Message to CA Employees from Broadcom CEO, first used or made available on July 16, 2018

Dear CA Employee:

I am writing on behalf of the entire team at Broadcom regarding our agreement to acquire CA Technologies. This exciting transaction represents an important opportunity for our companies to create one of the world’s leading infrastructure technology companies. We look forward to embarking on this next chapter together.

Broadcom is a leading designer, developer and global supplier of a broad range of digital and analog semiconductor connectivity solutions, with net revenues of $17.7 billion. We have 20 market-leading franchises and one of the industry’s broadest IP patent portfolios. Importantly, our sustained investment in R&D provides the base needed to create an incredible breadth of products that address evolving demands across our global customer base.

We have tremendous respect for the CA team. At Broadcom, we share your commitment to technology innovation and collaboration. CA’s mainframe and enterprise software franchises will add to our portfolio of mission critical technology businesses, and we intend to continue to strengthen these franchises to meet the growing demand for infrastructure software solutions.

In the coming weeks, my team and I will be hosting town hall meetings at several key CA facilities worldwide to tell you more about Broadcom and meet many of you.

We look forward to officially welcoming CA’s employees, customers and partners into the Broadcom family. In the meantime, we’ll be working with CA to complete the transaction and ensure a smooth transition.

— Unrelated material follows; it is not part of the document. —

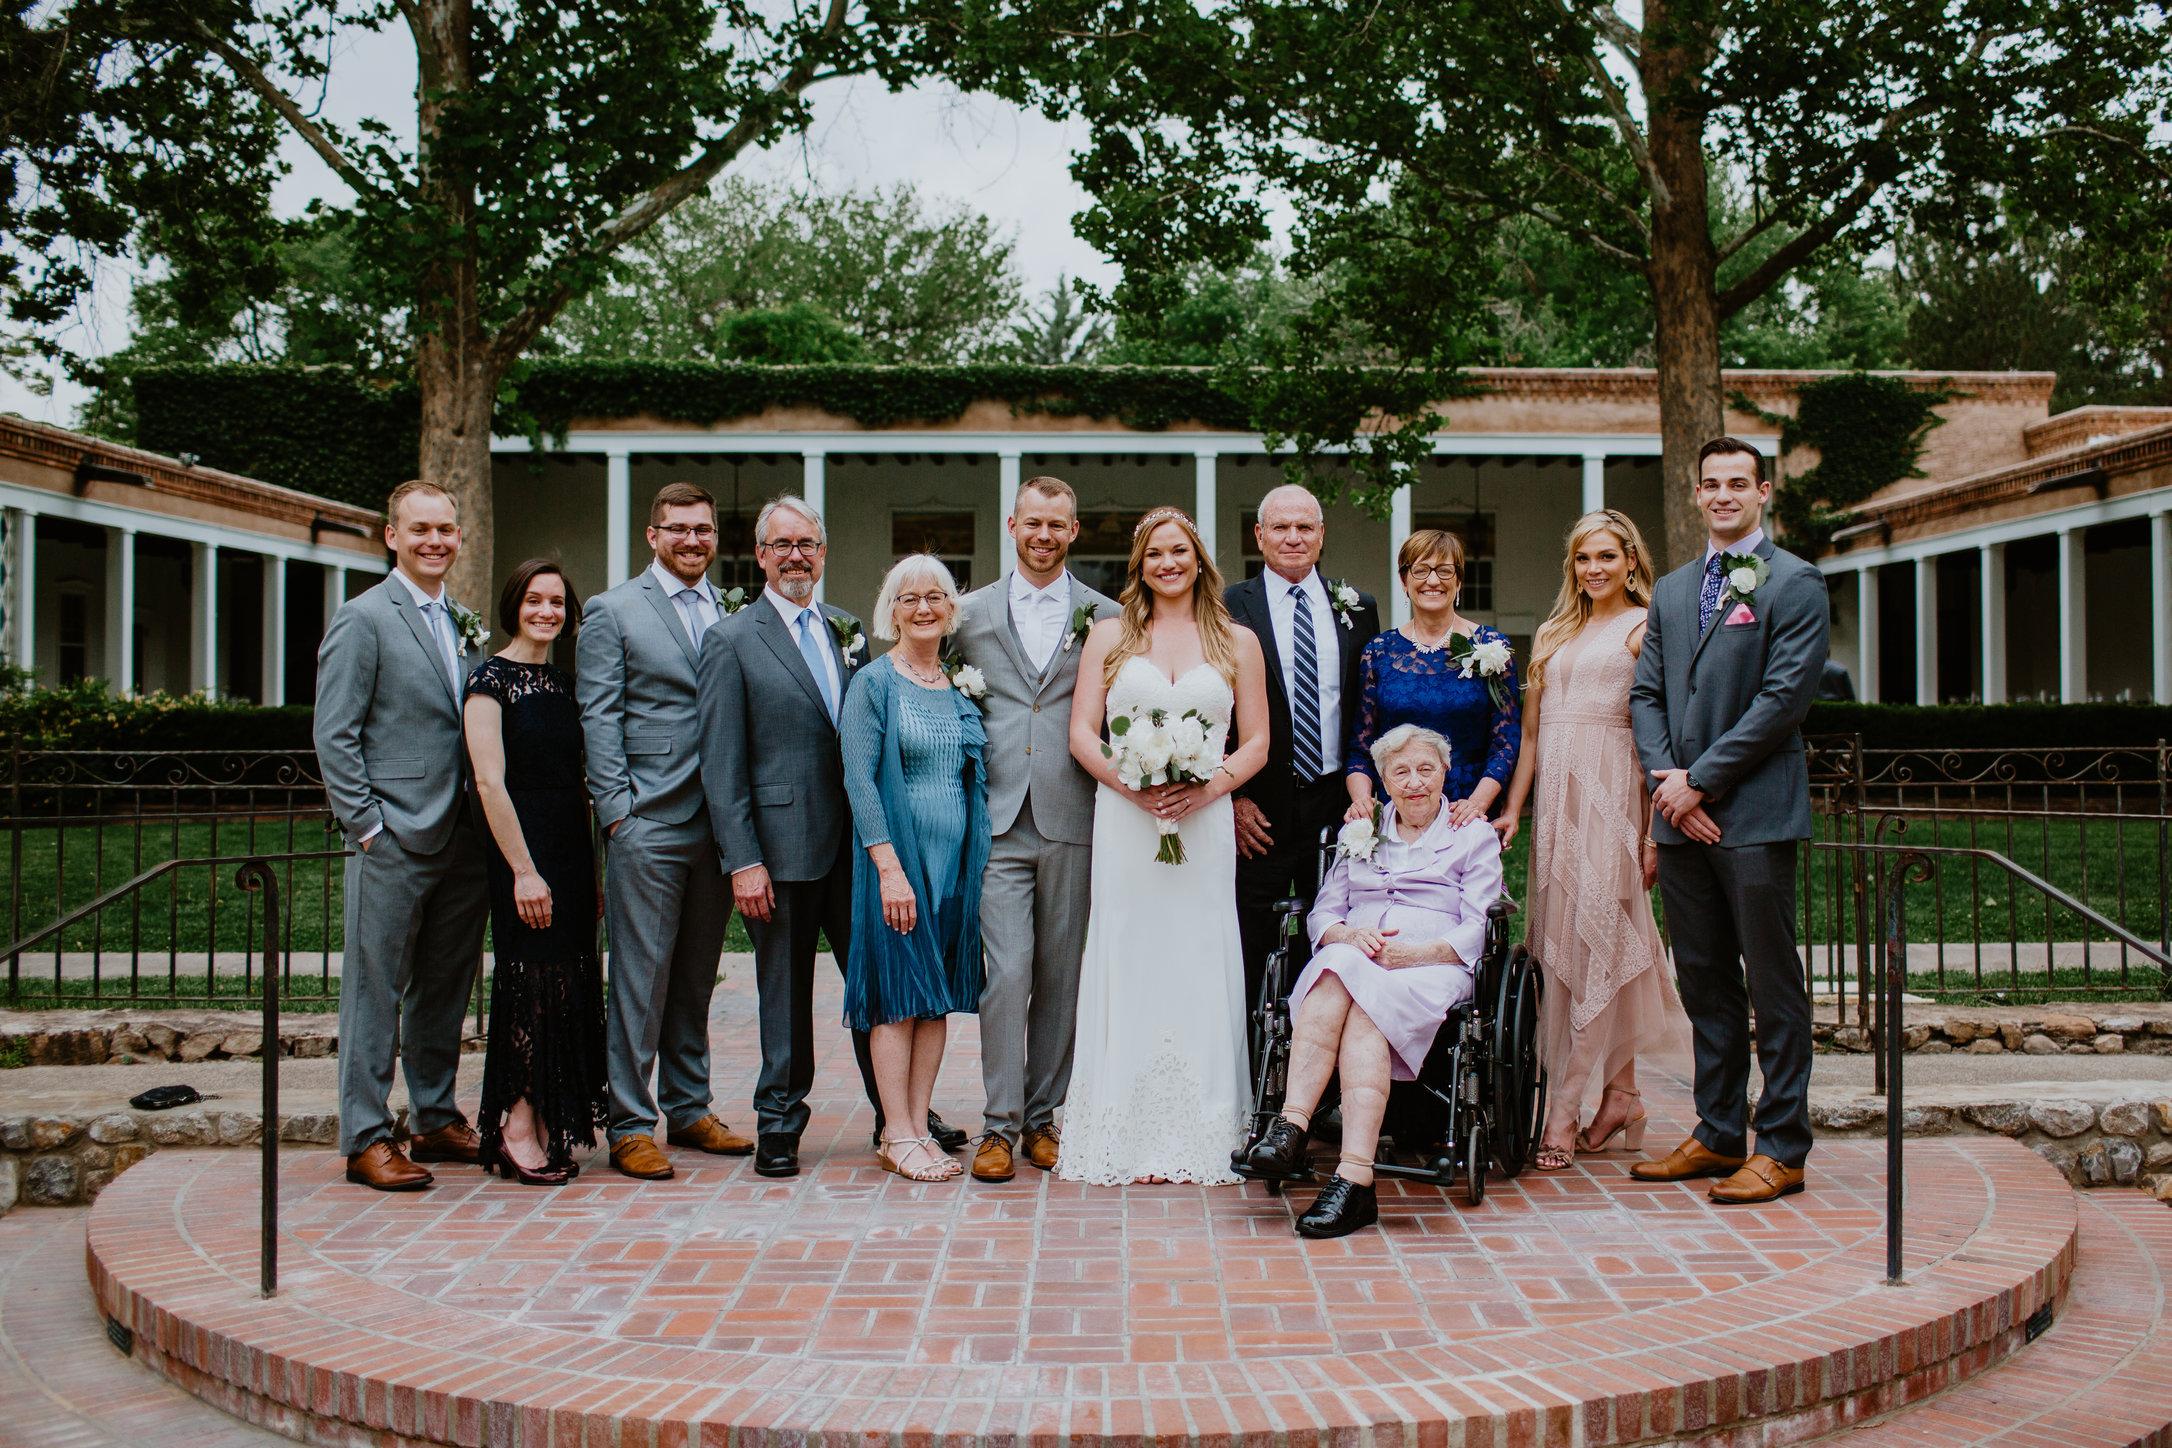 DandA-wedding-471.jpg
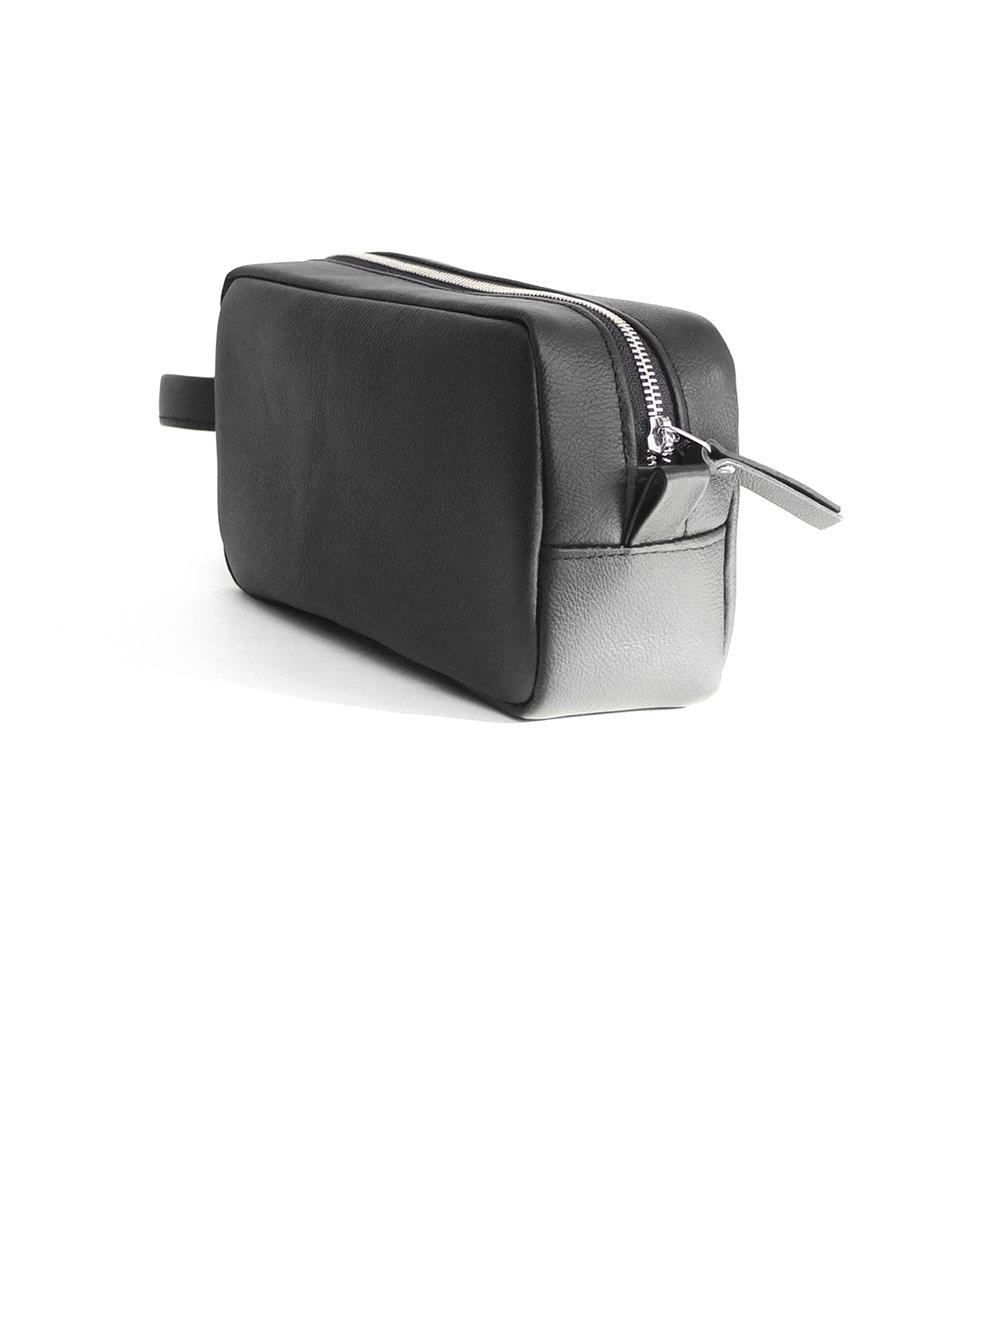 Leather dopp kit - 90.00$

We hope you are as excited about our future together as we are.

Regards,

Hock Tan

President and CEO of Broadcom

Additional Information and Where to Find It

This communication is being made in respect of the proposed transaction involving CA, Inc. (“CA”) and Broadcom Inc. (“Broadcom”). In connection with the proposed transaction, CA intends to file relevant materials with the Securities and Exchange Commission (the “SEC”), including a proxy statement on Schedule 14A. Promptly after filing its definitive proxy statement with the SEC, CA will mail the definitive proxy statement and a proxy card to each stockholder of CA entitled to vote at the special meeting relating to the proposed transaction. This communication is not a substitute for the proxy statement or any other document that CA may file with the SEC or send to its stockholders in connection with the proposed transaction. BEFORE MAKING ANY VOTING DECISION, STOCKHOLDERS OF CA ARE URGED TO READ THESE MATERIALS (INCLUDING ANY AMENDMENTS OR SUPPLEMENTS THERETO) AND ANY OTHER RELEVANT DOCUMENTS IN CONNECTION WITH THE PROPOSED TRANSACTION THAT CA WILL FILE WITH THE SEC WHEN THEY BECOME AVAILABLE BECAUSE THEY WILL CONTAIN IMPORTANT INFORMATION ABOUT CA AND THE PROPOSED TRANSACTION. The definitive proxy statement and other relevant materials in connection with the proposed transaction (when they become available), and any other documents filed by CA with the SEC, may be obtained free of charge at the SEC’s website (http://www.sec.gov) or at CA’s website (http://www.ca.com) or by contacting CA’s Investor Relations at traci.tsuchiguchi@ca.com.

Participants in the Solicitation

CA and its directors and executive officers may be deemed to be participants in the solicitation of proxies from CA’s stockholders with respect to the proposed transaction. Information about CA’s directors and executive officers and their ownership of CA’s common stock is set forth in CA’s proxy statement on Schedule 14A filed with the SEC on June 29, 2018, and CA’s Annual Report on Form 10-K for the fiscal year ended March 31, 2018, which was filed with the SEC on May 9, 2018. Additional information regarding the potential participants, and their direct or indirect interests in the proposed transaction, by security holdings or otherwise, will be set forth in the proxy statement and other materials to be filed with SEC in connection with the proposed transaction.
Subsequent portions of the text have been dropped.